During interviews, she asks candidates if they are willing to donate a couple of hours a year to CHOC or a cause of their choice.

“It’s not a requirement, but most people love the idea,” said Esmond, who gives 10 percent of her profits from Ever After Princess to charity.

Their visits to CHOC offer a break from tedium not only for sick kids but also their siblings.

“It’s hard on brothers and sisters, too,” Esmond said.

Parents relish the “10 minutes we come in and make their child smile,” she added. “It gives them peace to know that someone cares.”

Esmond tries to prepare her young employees for the emotions stirred by critically ill children.

“I give them a manual that explains to them what they might see,” she said. “Still, many times, they leave in tears.”

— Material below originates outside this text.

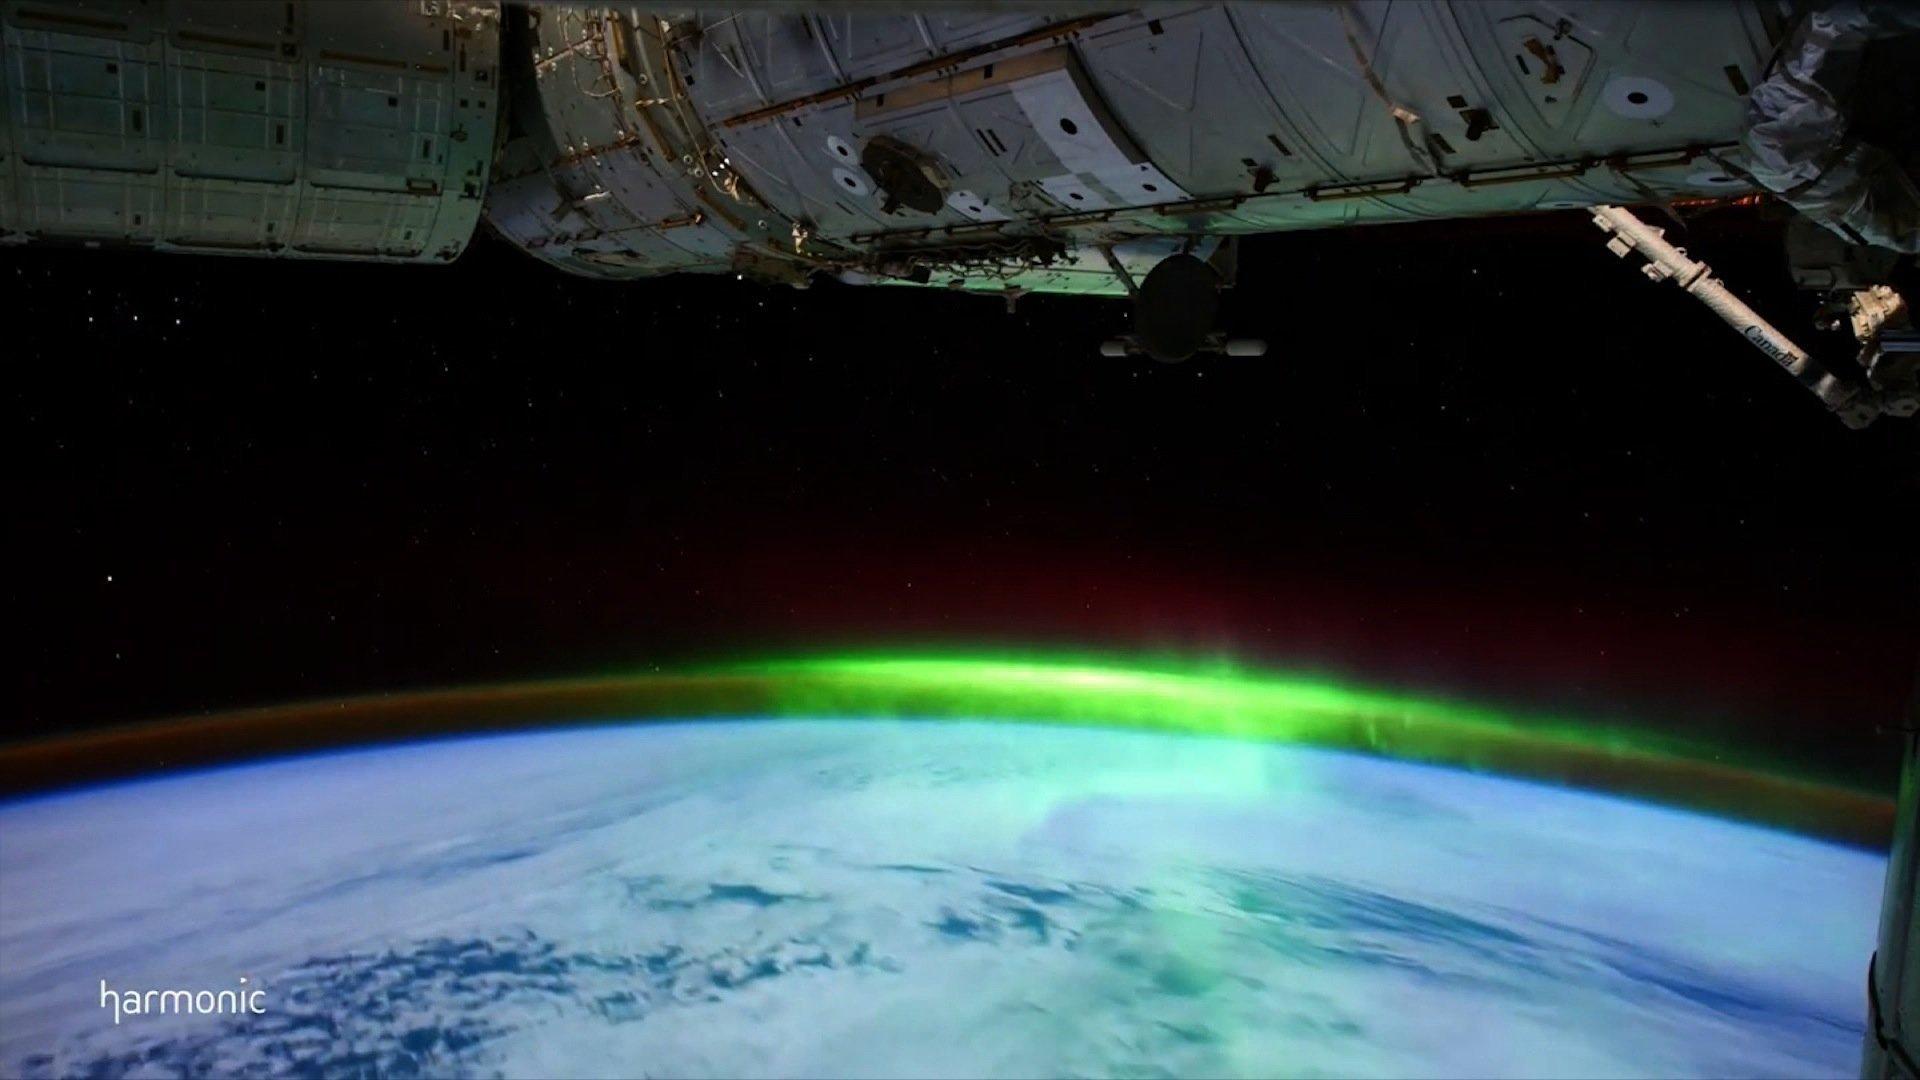 NASA has released a video shot in space of the Aurora Borealis and Aurora Australis phenomena (Source: CNN)

In some cases, the princesses are allowed only to wave at patients through the door’s window pane.

The entrepreneur has spent generously on her frilly wardrobe, which includes 60 custom-made costumes that cost as much as $1,000 each. She also has invested in numerous high-quality wigs. The Rapunzel locks set her back $600.

Princesses watch a video to learn how to apply their own makeup. They also read up on their characters’ back stories to make their total transformation.

“I re-watched all the Disney videos to get down each little mannerism,” said Kaitlin Harjes, 20, a theater major at UCI. “The kids know the movies really well. They’ll catch you on things if you’re not careful.”

Harjes’ personal favorite is Ariel from “The Little Mermaid.” The funniest question she’s heard from a child: “How do you go pee?”

“Mermaids fascinate kids,” she said.

For that matter, princess in general fascinate little ones.

“A princess is someone children can look up to yet at the same time feel close to,” Harjes said. “Princesses are warm and friendly. They have a nice attitude.”